Artykuł zamieszczony w numerze 21 / 1999


Anna Kędziora

Tajemne Bractwo Wianków Samagri - Manifest


Wianki Samagri

Nasza muzyka jest jeszcze nie nazwana, to zupełnie nowa jakość, nowa energia, nowe wibracje. Chodzi nam o pewne przesłanie i dotarcie do świadomości, które jest wypadkową przeróżnych gatunków zupełnie nie znanych w Polsce. Mam tutaj na myśli - kabali, juju, rasta (muzyka korzenna z Jamajki) i wiele innych, a taką nadrzędną wibracją jest polska muzyka tradycyjna z końca XIX w.

Instrumenty perkusyjne, czyli bębniarskie, na których gramy są z Indii np. tabla, z Afryki - darabuka, bęben staropolski z Mazowsza i kilkanaście różnych przeszkadzajek ze wszystkich stron świata. Do tego schizofreniczna gitara oraz bombarda z zamkniętym ustnikiem (typowy instrument ludowy bretoński, który momentami brzmi jak shemai), do tego flety i fujarki pasterskie.

Zespół istnieje niecały miesiąc. Mieliśmy trzy próby przed przyjazdem na Mikołajki, a utwory tworzymy podczas podróży, czy też w trakcie rozmów, ponieważ mamy kółko dyskusyjne wewnątrz grupy. Pełna nazwa naszego zespołu brzmi: Tajemne Bractwo Wianków Samagri. Na początku było samo bractwo, nazwijmy to ludzi poszukujących, ludzi chcących zrobić coś innego.

Myślimy, że możemy zdradzić tajemnicę naszej nazwy, ale robimy to jedynie dla "Gadek z Chatki" - pisma, do którego mamy największy szacunek i pewną ufność. Samagri to ziele występujące jedynie u podnóży Himalajów.

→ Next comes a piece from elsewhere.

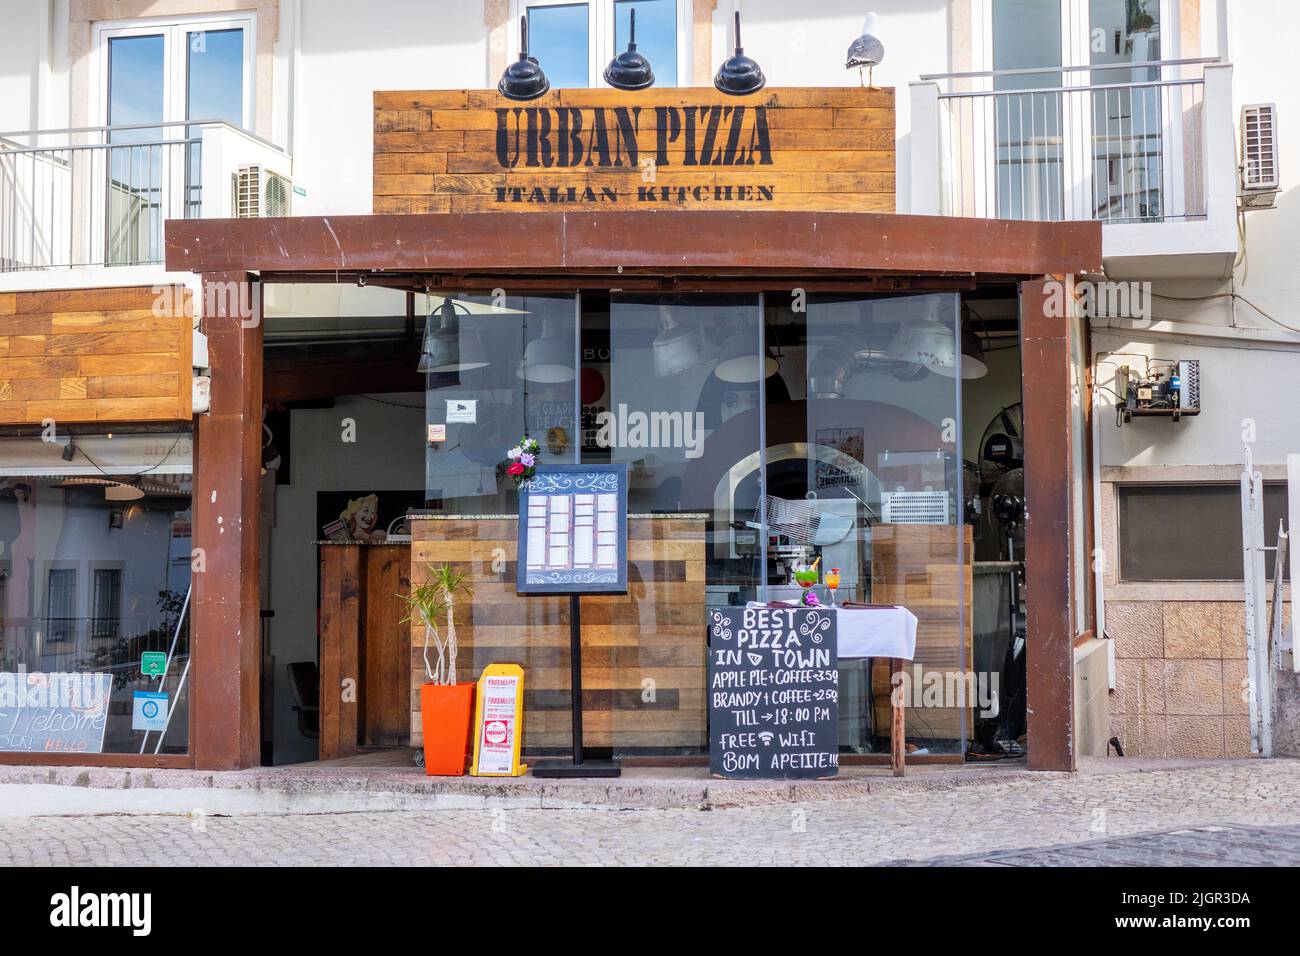 Urban Pizza Restaurant in Albufeira Altstadt Werbung auf Einem Kreidetafel Schild Beste Pizza in der Stadt außerhalb des Restaurants Menüschild hat Preise von popu Stockfoto

Posiada ono przeróżne właściwości, m.in. lecznicze (nie halucynogenne), na pewno odpędzające demony. Jest to zioło oczyszczające eter i właśnie dlatego Bractwo jest zawsze oczyszczone. Ma ono znaczenie kultowe, chodzi tu przede wszystkim o obrzędy w Indiach, w Nepalu, gdzie pali się je, by odpędzić złe duchy. Natomiast wianki jest to polski obrzęd.

Stwierdziliśmy, że nasza nazwa musi łączyć w sobie kulturę polską, tak jak tradycyjne zaśpiewy, z kulturą indyjską, która jest dla nas również przewodnią kulturą, w tym co tworzymy.

Dowiedziono naukowo, że pierwsze plemiona pochodzą z rejonu Himalajów. Dlatego my docieramy w naszych poszukiwaniach do tych absolutnie pierwotnych praźródeł. Docieramy do tego momentu, kiedy człowiek jeszcze nie zrzucił sierści, a już grał. Z obrzędami ziela samagri skojarzyliśmy dobie obrzęd wicia wianków, który z kolei kojarzy się nam najbardziej z polską kulturą ludową. Noc najprzyjemniejsza dla słowiańskiej nacji i najbardziej reprezentatywny rodzaj obrzędów jeszcze w starej Polsce światowidowej. Staraliśmy się oddać w nazwie, co gramy i wydaje nam się, że się to udało.

Jesteśmy zamkniętym klanem, kręgiem i jesteśmy tym naznaczeni do końca życia. Jesteśmy bractwem bez jakichkolwiek guru, gdyż jesteśmy guru dla samych siebie. Mówiąc o członkach zespołu, należy nadmienić, że jest to połączenie sił grających muzykę ludową z różnych zespołów (między innymi z Kapeli ze wsi Warszawa i Przylądka Starej Pieśni) plus siły nadprzyrodzone. Do bractwa należą brat Roman Samagri, brat Maciej Samagri, brat Grzegorz Samagri, brat Marcin Samagri. W czasie tegorocznych "Mikołajków" dołączyła do nas siostra Katarzyna Samagri z zespołu Pole Chońka. Naszym tajemnym przewodnikiem duchowym jest Jarek - postać mistyczna.

Naszym przesłaniem jest pewna mistyczna droga, jaką obraliśmy sobie w pewnym momencie. Z satysfakcją odnajdujemy przeróżne ścieżki duchowe - chasydyzm, sufizm. Tworzonej przez nas muzyki absolutnie nie chcielibyśmy nazywać folkową, ponieważ jest to zupełnie inny przekaz - połączenie muzyki mistycznej z różnych stron świata. Nie ma on jeszcze swojej nazwy, chociaż nie, jest to po prostu muzyka samagri.